- Summer Smith, as depicted in Rick and Morty.
- First appearance: Summer C-131:; "Rick Potion #9" (2014); Summer Prime:; "Pilot" (2013); Summer C-132:; "The Wubba Lubba Dub Dub of Wall Street" (2015);
- Last appearance: Summer C-132:; "Head-Space" (2016); Summer Prime:; "Look Who's Cronenberging Now" (2018);
- Created by: Justin Roiland Dan Harmon
- Designed by: Justin Roiland
- Voiced by: Spencer Grammer (Rick and Morty) Akiha Matsui (The Anime) Donna Bella Litton (The Anime; English Dub)

In-universe information
- Full name: Summer Smith
- Alias: Ms. Die Hard
- Nickname: Sum-Sum
- Species: Human
- Occupation: Student Assistant to Lucius Needful Empress of Glorzo
- Affiliation: Death Stalkers
- Weapon: Wolverine claws
- Family: Rick Sanchez (grandfather); Jerry Smith (father); Beth Smith (mother); Space Beth (mother); Morty Smith (brother); Leonard Smith (grandfather); Joyce Smith (grandmother); Diane Sanchez (grandmother); CHUD Heir (uncle);
- Spouses: Hemorrhage (ex-husband)
- Significant others: Ethan (ex-boyfriend) Christina LaCroix (ex-girlfriend)
- Children: Naruto Smith (son-nephew) Summer Smith Jr. (adoptive stepdaughter)
- Relatives: Mortimer Smith Jr. (nephew); Thoolie Smith (nephew); Maria Smith (niece);
- Nationality: Hispanic-American
- Age: 17

= Summer Smith =

Fictional Rick and Morty character

Summer Smith is one of the main characters of the American media franchise Rick and Morty. Created by Justin Roiland and Dan Harmon and voiced by Spencer Grammer in the original animated series and Akiha Matsui in the anime series, Summer is a conventional and often superficial 17-year-old, who is obsessed with improving her social status among her peers. Known for her smart and humorous personality and for her high dexterity, the character has been well-received. She is the well-meaning and intelligent older sister of Morty Smith, the daughter of Jerry and Beth Smith, the granddaughter of Diane and Rick Sanchez, the ex-wife of Hemorrhage, and mother-aunt of Naruto Smith.

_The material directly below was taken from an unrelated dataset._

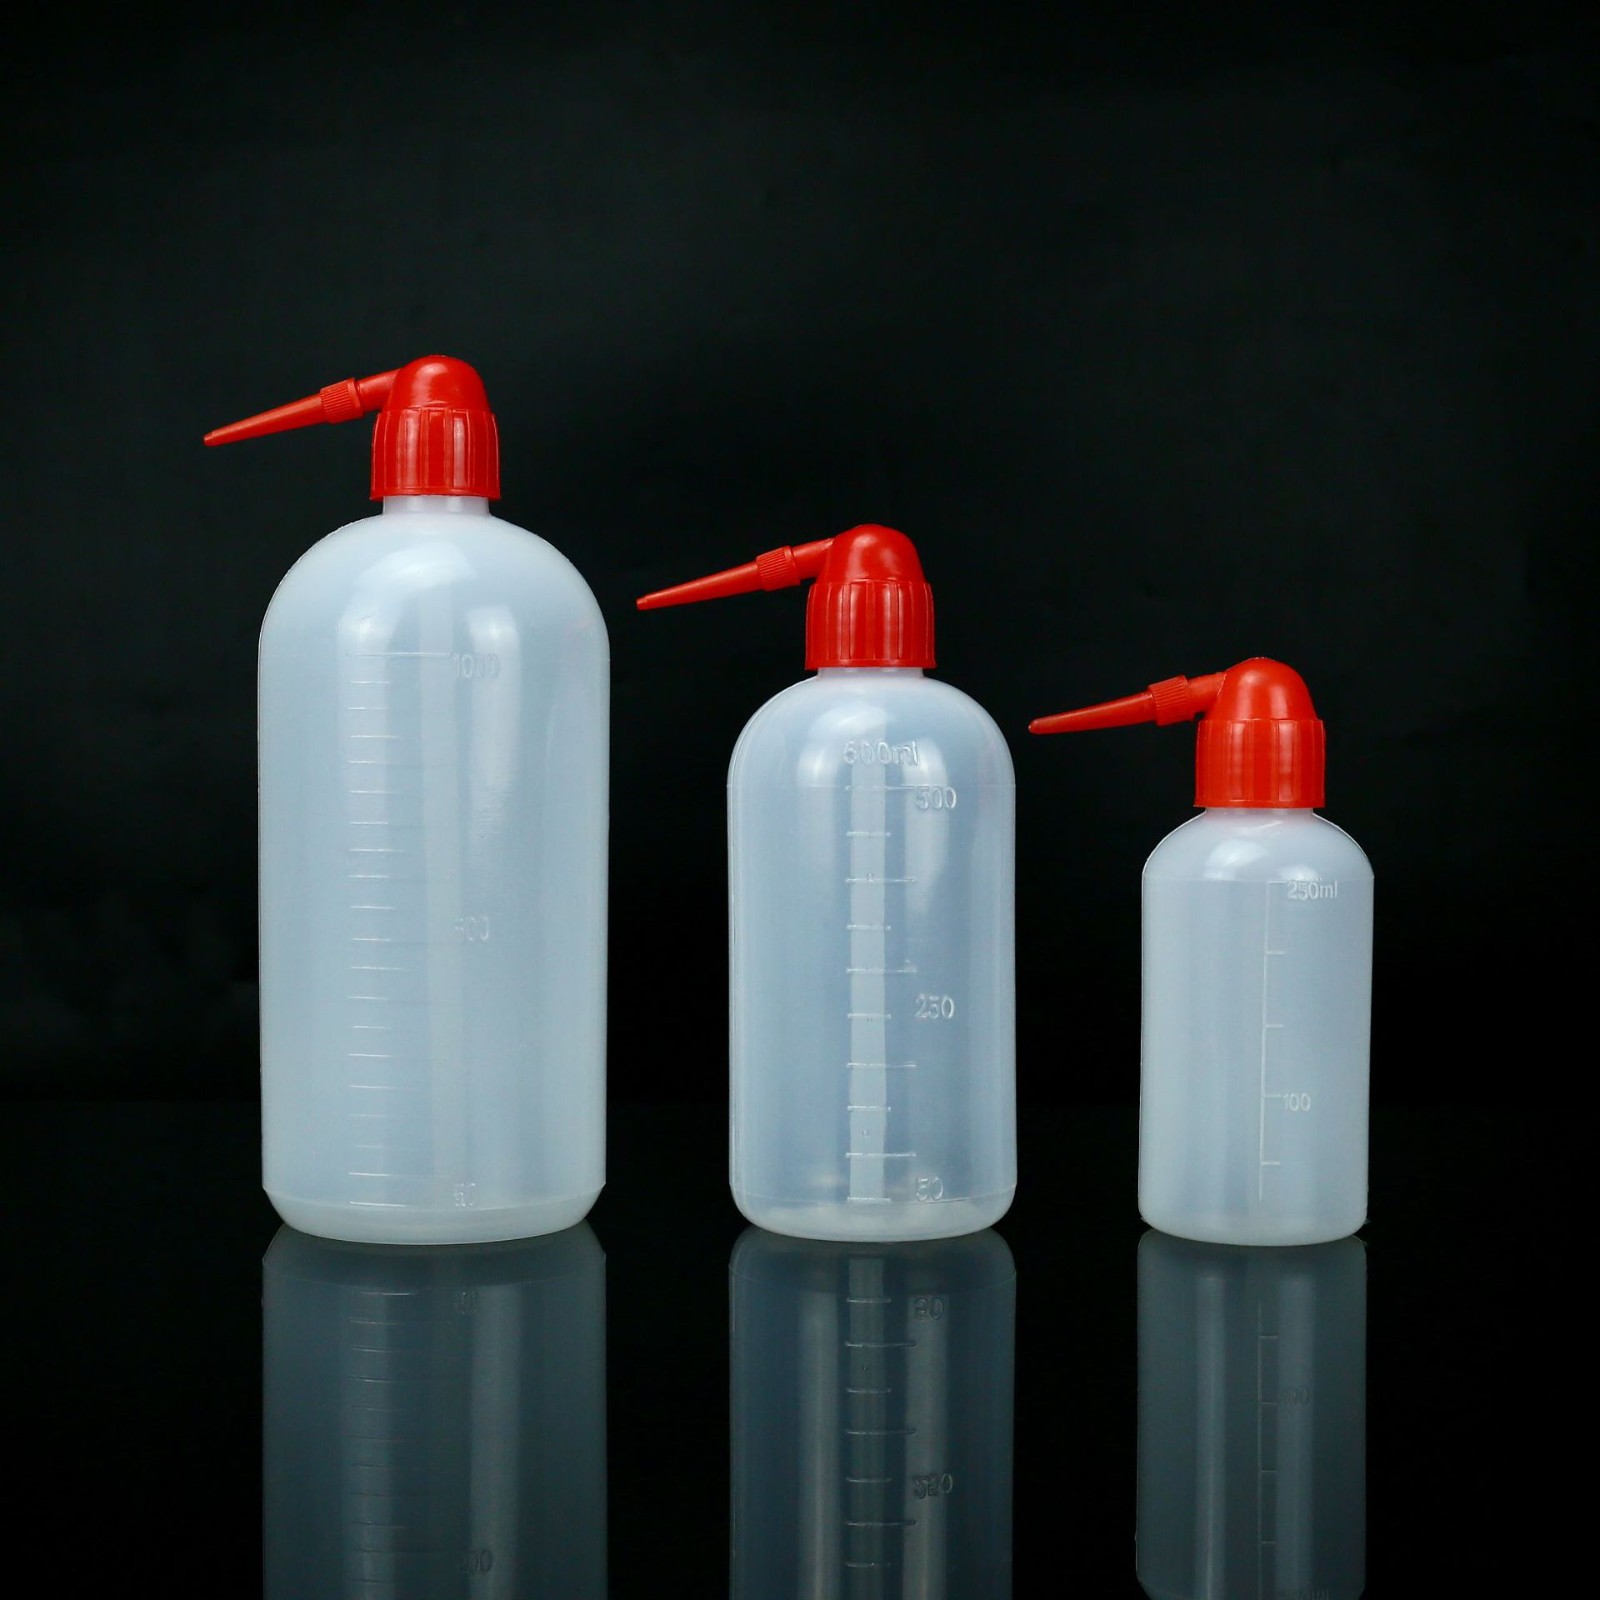 RH RH 青岛库 塑料洗瓶 250ML 红头，400个/箱，食品级聚乙烯 250ML 红头，400个/箱，食品级聚乙烯 青岛库 250ML 红头，400个/箱，食品级聚乙烯 青岛库

Following Rick and Morty abandoning their original reality in the first season episode "Rick Potion #9", a new Summer identical to the original is introduced, Summer C-131; the original Summer Prime is shown in a now post-apocalyptic wasteland with her parents in the third season episode "The Rickshank Rickdemption", before dying in the Rick and Morty comic series (later referenced in the sixth season premiere "Solaricks") a character trait later incorporated into their television series depiction. The character also serves as the protagonist of the 2016 miniseries Lil' Poopy Superstar, exploring her adventures after the events of the second season episode "Total Rickall", as well as the anthology series Rick and Morty Presents.

==Biography==
Summer is 17 years old and is a student at Harry Herpson High School along with her younger brother Morty. She occasionally expresses jealousy that Morty gets to accompany Rick on his inter-dimensional adventures, whom she sees as a hero, though he is often contemptuous and dismissive of her teenaged life perspective and values. As the series progresses, Summer begins accompanying Rick and Morty on their adventures and is trusted with restoring their memories in the scenario of the pair being rendered amnesiac.

==Development==
Addressing the character's "gradual" evolution from side character to main character over the course of the series and Dan Harmon's attribution of her vocal performance to the character's increased role in an interview with Looper, Summer Smith voice actress Spencer Grammer stated that:

"I maybe wasn't necessarily aware that I was having that kind of an influence at all [on the character], but I love voicing Summer and I love acting. So it's really lovely when you do something that you love and other people can find inspiration from that too."

==Reception==
The character has received positive reception. The Mary Sue praised Summer as "the most interesting female character to ever appear on Adult Swim [and] a great example of powerful, funny feminine youth." The A.V. Club praised "[how] Summer develop[s] from the fun, quippy side character to a notably more active participant in the intergalactic shenanigans and a strong thinker" over the course of the series, stating that "what makes her so fascinating is that some of the things that would be vilified in other young female characters often make her the smartest person in the room. The fact that she’s concerned about being social and popularity makes her the most personable. She tends to have a better understanding of how people work than anybody else." Inverse declared that "Without a doubt, Summer is the most relatable character on Rick and Morty", while SyFy described her as a better main character than their brother Morty, praising her increased role in the series as it goes on.

VerbStomp described Summer as "[one] of those girls in high school everyone hated, but simultaneously tried to be [and] primarily concerned with increasing her status amongst her peers, and [classmates] — she’s a necessary trope that adds to the dynamic of the Smith family."